If Kendrick Lamar needed a few extra months to memorize and rehearse some of the most intricate verses of his career before performing them live, it was worth the wait. Much of the album concerns a crisis of confidence that the rapper seemed to have, perhaps surprisingly, after the platinum success of 2012’s universally acclaimed good kid, m.A.A.d. city. The MC addresses “Mortal Man” directly to his fans, and it was thrilling to see him deliver those lyrics to them in person for the first time: “If I’m tried in the court of law, if the industry cut me off/If the government want me dead, plant cocaine in my car/Would you judge me a drughead or see me as K. Lamar?/Or question my character and degrade me on every blog?”
The evening opened with a brief performance by the Mellow Tones, a group of students from the local Duke Ellington School of the Arts who performed inventive a cappella arrangements of jazz standards. The audience greeted the nine talented teenagers with open arms, particularly when they ended their set with a performance of Marvin Gaye’s “What’s Going On” that resonated deeply with the themes the headliner would rap about a few minutes later.

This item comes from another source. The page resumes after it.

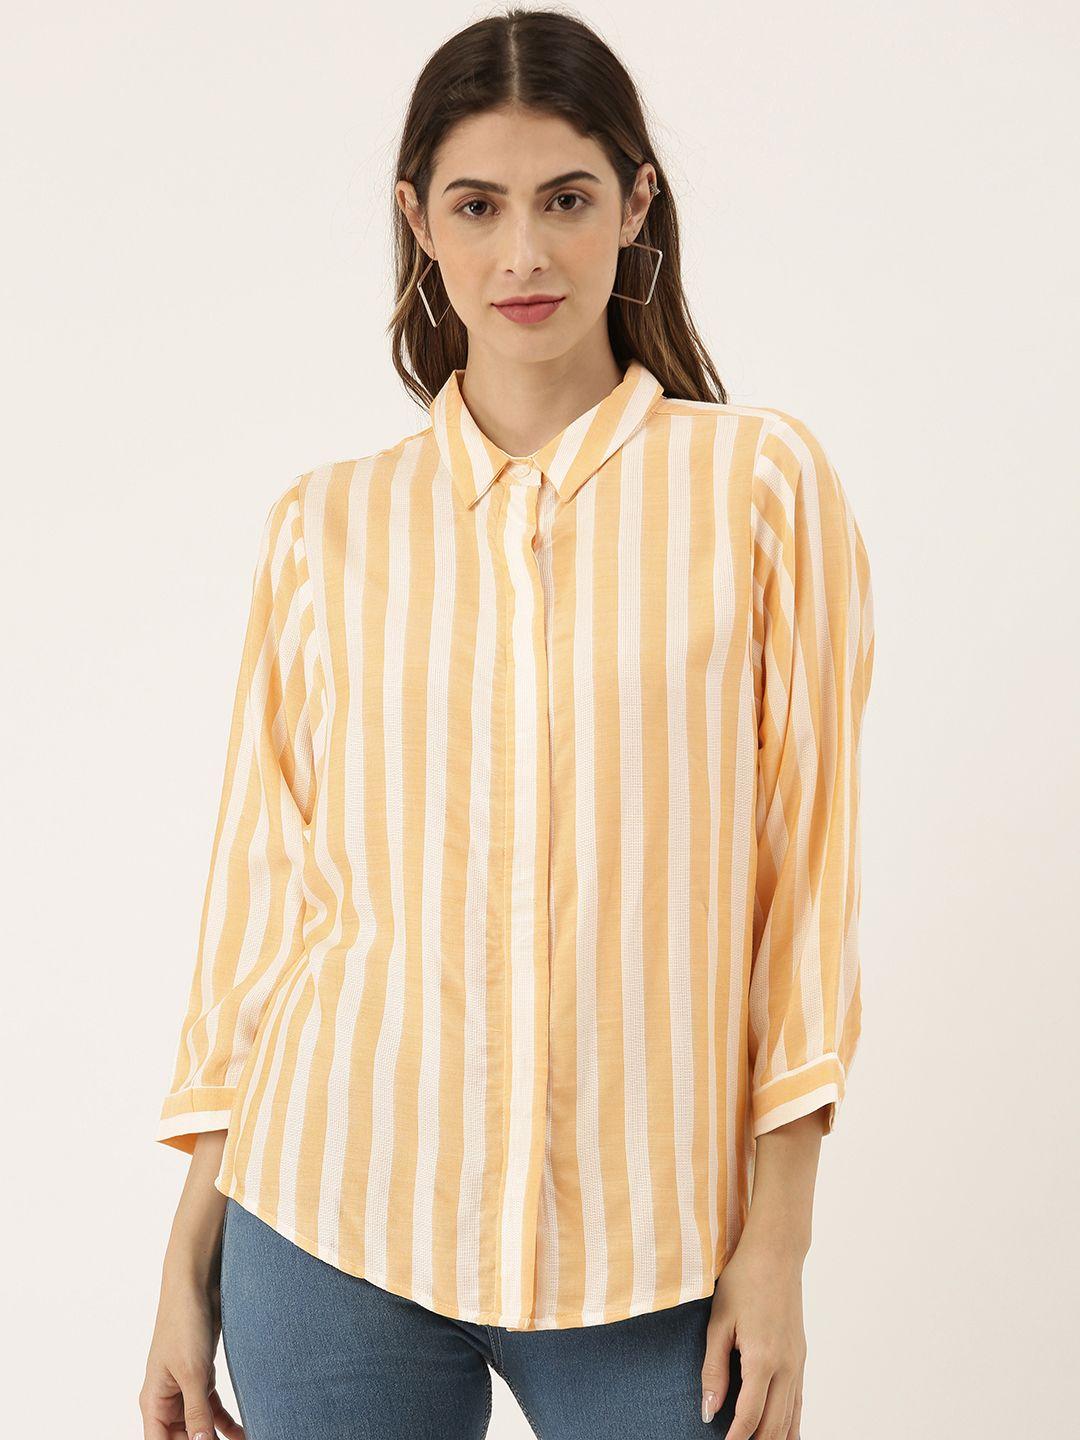 and women off white & coral orange striped shirt style top

Before Lamar appeared onstage, the NSO performed an overture, giving a quick demonstration of their volume and power. But once arguably the best rapper alive walked out and began working the stage with a tightly coiled energy, it was often easy to forget that there were dozens of musicians behind him. Then something like the ominous orchestration on To Pimp a Butterfly‘s hardest song, “The Blacker the Berry,” or the lush, dreamy strings on “These Walls” reminded you how vital this collaboration sounded.